Two of Canada's largest apartment landlords are merging in a cash-and-units deal worth more than $500-million that could be the first sign of consolidation in the booming market for real estate investment trusts.

Canadian Apartment Properties REIT announced yesterday that it has agreed to buy smaller rival Residential Equities REIT in a transaction that will create a company with 24,328 units, concentrated in the Toronto market, but with properties in a variety of other major cities.

Under the terms of the deal, approved by ResREIT's board, CAP REIT plans to pay a combination of cash and units for all outstanding ResREIT units. Unitholders may take $18.60 in cash for each ResREIT unit, up to a maximum of $175-million, or 1.216 units of CAP REIT. ResREIT unitholders will be asked to approve the deal at a special meeting in May. The deal also includes the assumption of $400-million in debt.

Yesterday's announcement sent units of Toronto-based ResREIT up more than 10 per cent to close at $18.65 on the Toronto Stock Exchange. Units of CAP REIT finished the day up 27 cents at $15.72.

News of the merger comes as another large residential landlord, Calgary's Boardwalk Equities Inc., is preparing to convert into a trust. Boardwalk, which has more than 31,000 units, will hold a shareholder meeting in April on the conversion.

It is also widely expected that the Ontario government will address the issue of investor liability for the trust sector this spring -- a move that will likely bring more large institutional investors into the market that will be looking for REITs with larger public floats and the improved liquidity that brings. Alberta's Revenue Minister Greg Melchin also has indicated that he will introduce legislation during the spring session that will limit liability for unitholders of publicly traded income trusts.

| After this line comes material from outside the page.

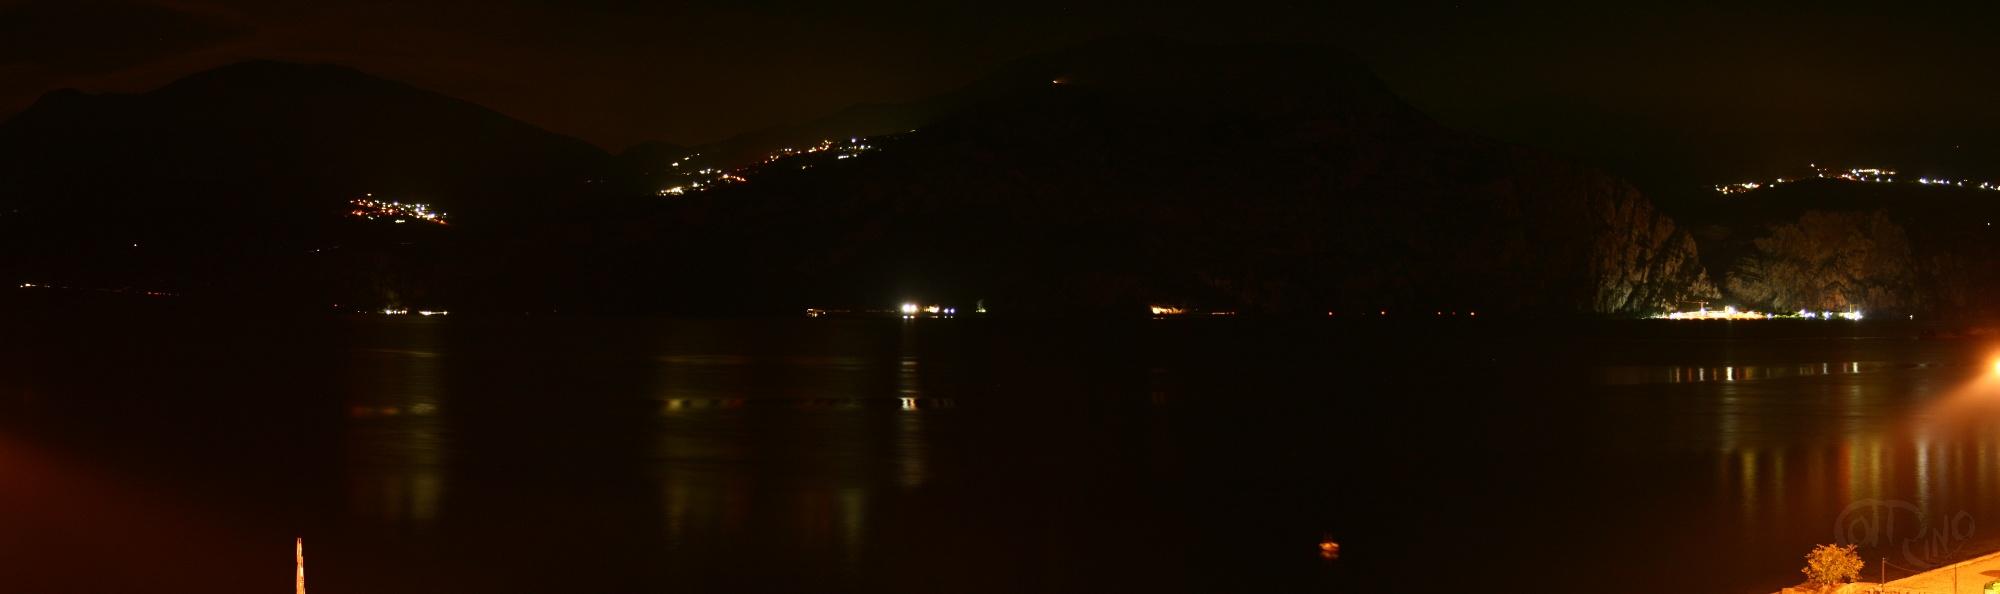 Brenzone - Lago di Garda nocturno

"We have been talking about this combination since we both went public," Thomas Schwartz, CAP REIT's chief executive officer, said in an interview yesterday.

ResREIT CEO Dino Chiesa said he plans to stay on as co-CEO until the end of the year and will be vice-chairman of the board after that.

Mr. Schwartz said the deal gives his firm access to a portfolio with prime locations at a time when competition for apartment buildings is fierce.

But mergers are not to everyone's taste. Harry Rannala, who follows the real estate sector for Raymond James in Toronto, said with real estate valuations at high levels, a wave of consolidations at top-dollar prices would be a concern.

"As every real estate cycle matures, you start to see everything become more expensive and you see fewer opportunities and the players become more and more aggressive, and values keep being pushed up," he explained. "Is it sustainable? That's my question. Are these values sustainable?"